For all of the foregoing reasons, we conclude that the trial court did not err in granting Methodist’s motion for summary judgment because Methodist established as a matter of law that the two-year statute of limitations was not tolled for a period of seventy-five days. We overrule the Mitchells’ issue on appeal.
Conclusion
The Mitchells’ health care liability claims are time-barred because the Mitch-ells did not file their claims within the applicable limitations period or properly invoke section seventy-five-day tolling provision. Consequently, we affirm the trial court’s rendition of summary judgment for Methodist. All outstanding motions are overruled as moot.
. Before it moved for summary judgment on limitations, Methodist sought and obtained the dismissal of the Mitchells’ lawsuit due to an inadequate expert report.
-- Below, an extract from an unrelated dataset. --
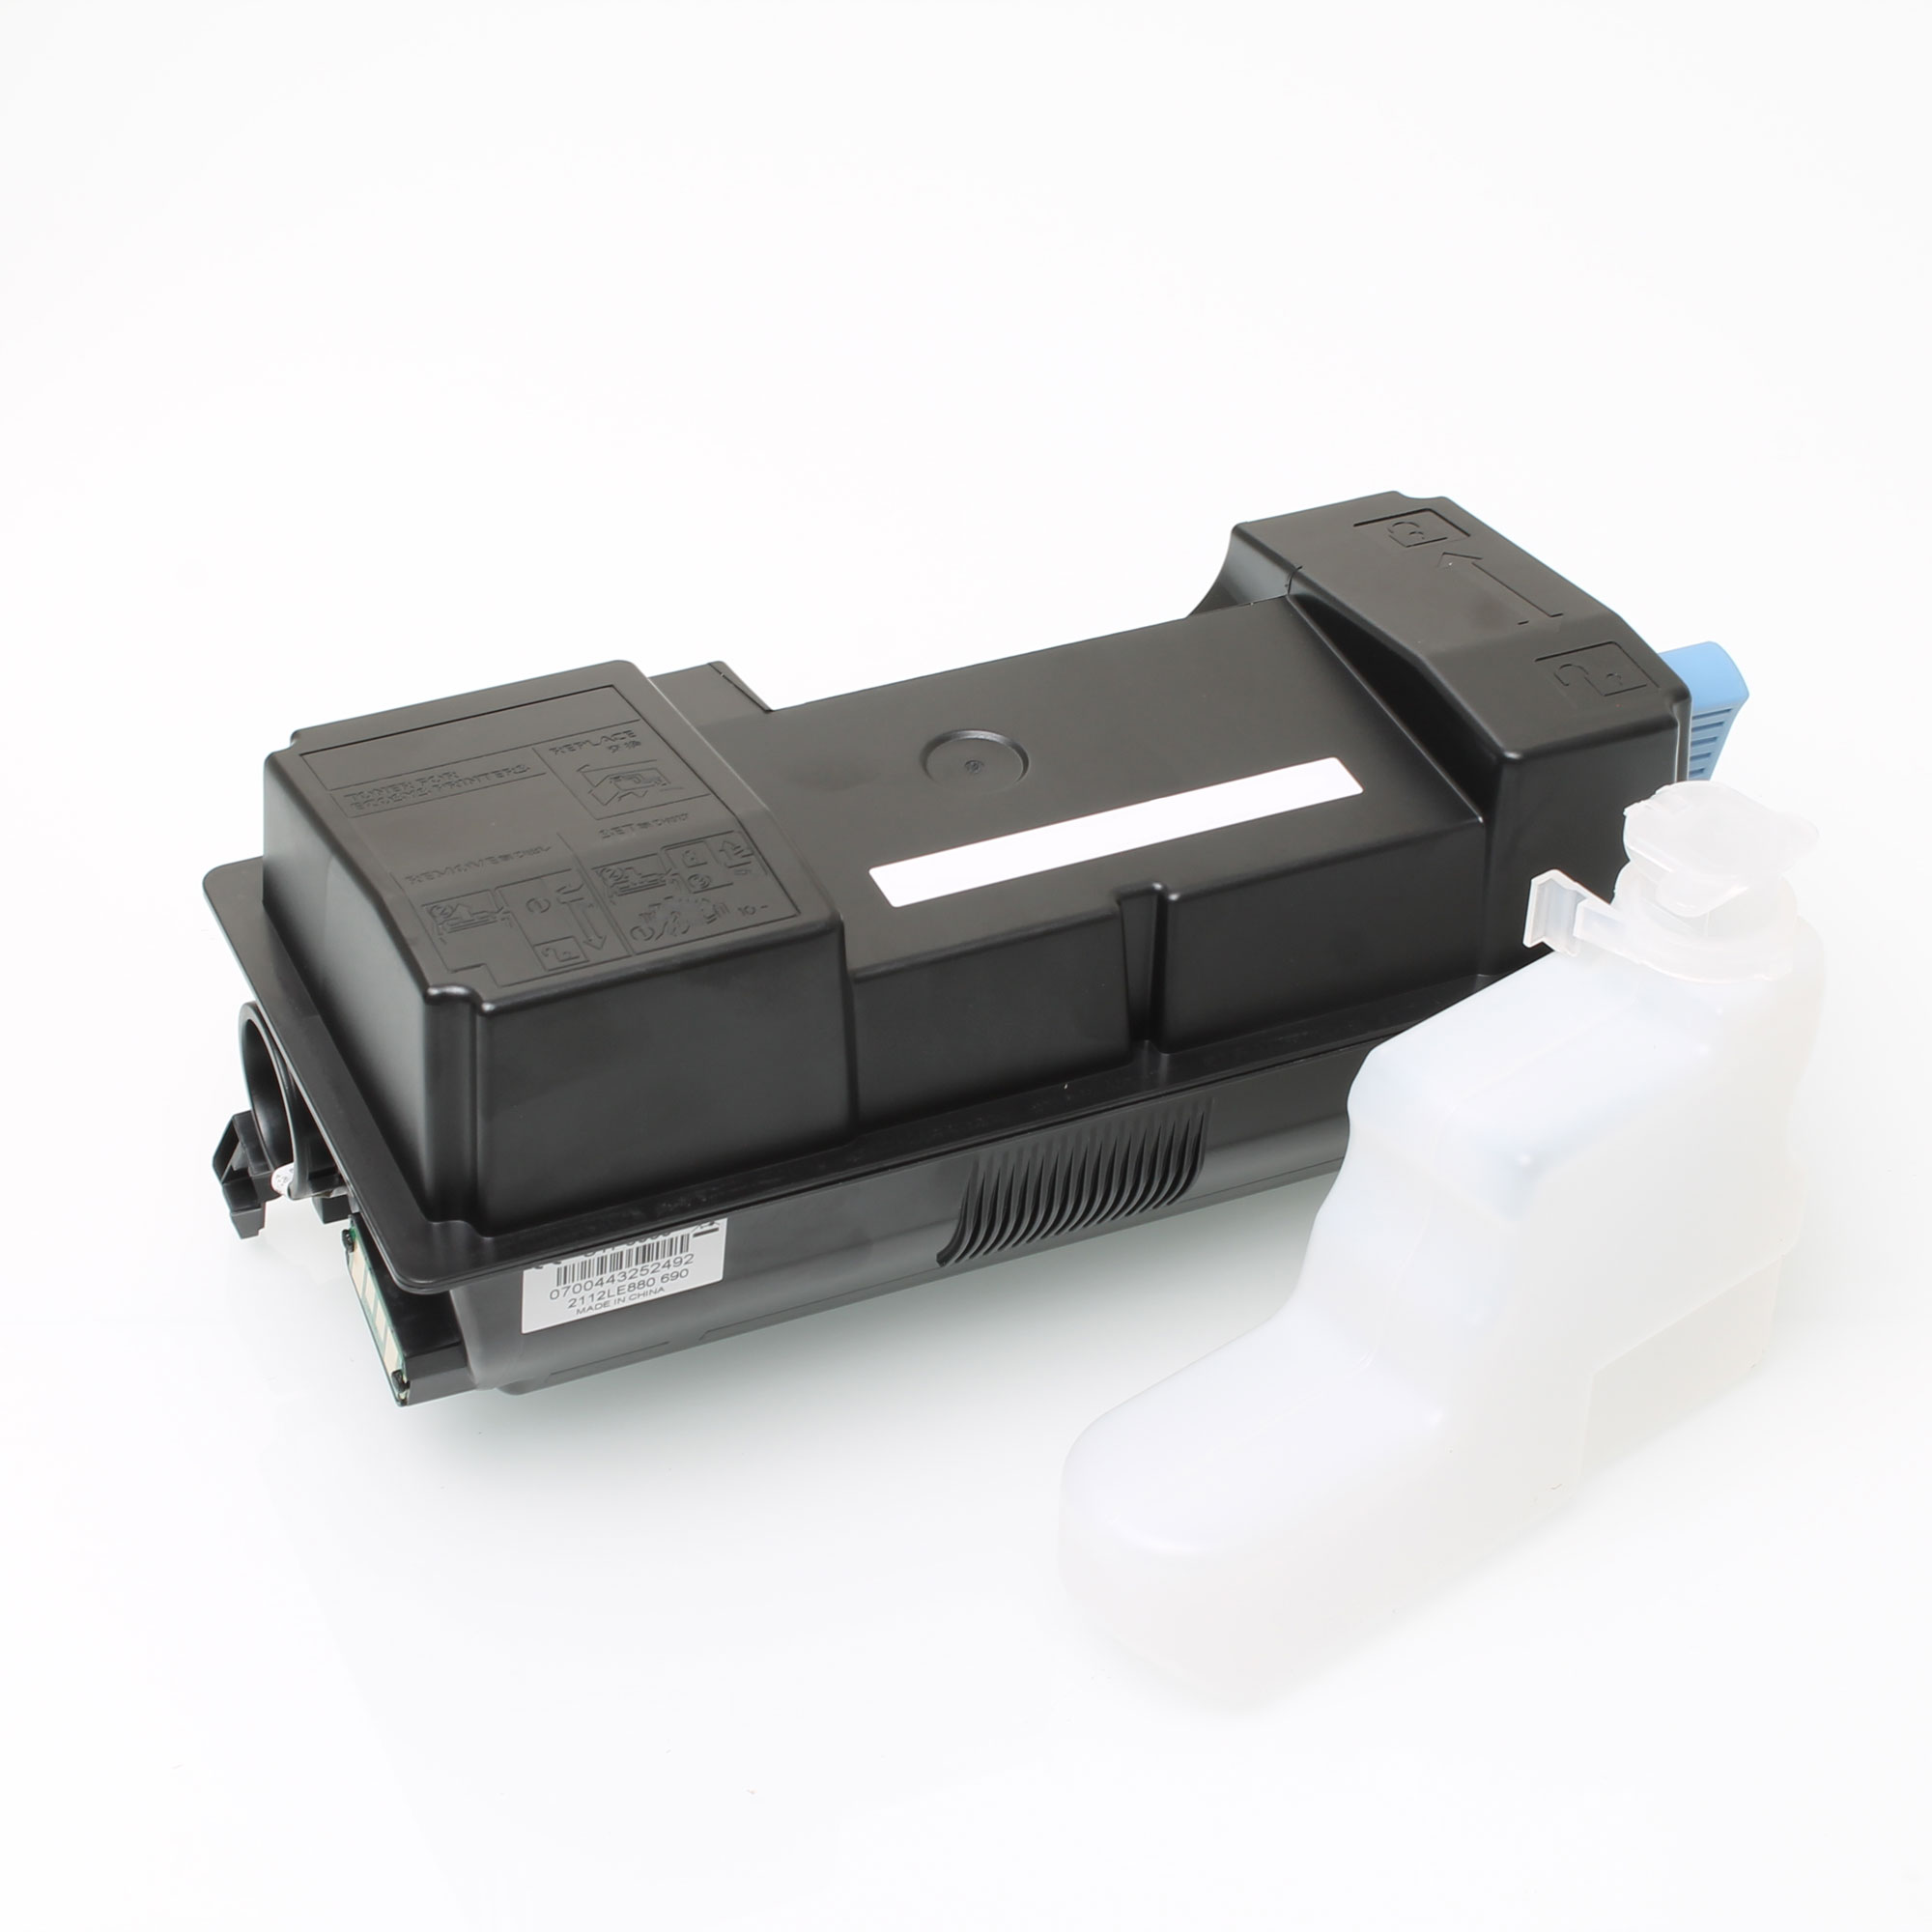 Bedre billet overgive ABCToner - Compatible Toner For Utax 4436010010 For Utax P 5030dn Utax P  5035i MFP Utax P 6030dn Utax P 6035i MFP by ABC

See Tex. Civ. Prac. & Rem. Code. § 74.351 (West. 2011) (providing requirements and time line for serving and challenging expert report required to support health care liability claim). Our court affirmed the trial court's judgment on appeal. Mitchell v. Methodist Hosp., No. 01-08-00898-CV, 2009 WL 5174186, at *10 (Tex.App.-Houston [1st Dist.] 2009) (mem. op.), rev’d, 335 S.W.3d 610 (Tex.2011). The Texas Supreme Court, however, reversed that judgment and remanded the Mitchells' case to the trial court for further proceedings. Mitchell v. Methodist Hosp., 335 S.W.3d 610, 610 (Tex.2011).
. In its summary judgment motion, Methodist argued that, because all of the negligent acts or omissions alleged by the Mitchells occurred during the first hospitalization, limitations commenced on the last date of that hospitalization (i.e., November 30, 2005). *836The Mitchells responded that Methodist’s fraudulent concealment of the negligent use of the IV catheter and the infection in Mitchell’s left arm tolled the commencement of limitations until Mitchell's death on December 27, 2005. The Mitchells, however, did not plead fraudulent concealment as a matter in avoidance of Methodist’s limitations defense, and Methodist objected to the Mitchells raising fraudulent concealment in their summary judgment response. Because it is a matter in avoidance of the defense of limitations that was not pleaded, we do not consider the Mitchells' fraudulent concealment argument. See Woods v. William M. Mercer, Inc., 769 S.W.2d 515, 518 (Tex.1988) ("A defendant who has established that suit is barred cannot be expected to anticipate the plaintiff’s defenses to that bar. A matter in avoidance of the statute of limitations that is not raised affirmatively by the pleadings will, therefore, be deemed waived.”). The Mitch-ells make no other argument on appeal that Methodist did not establish as a matter of law that the Mitchells' cause of action accrued on November 30, 2007. Regardless, the filing of the Mitchells’ lawsuit on January 28, 2008 is more than two years after the accrual date urged by either party.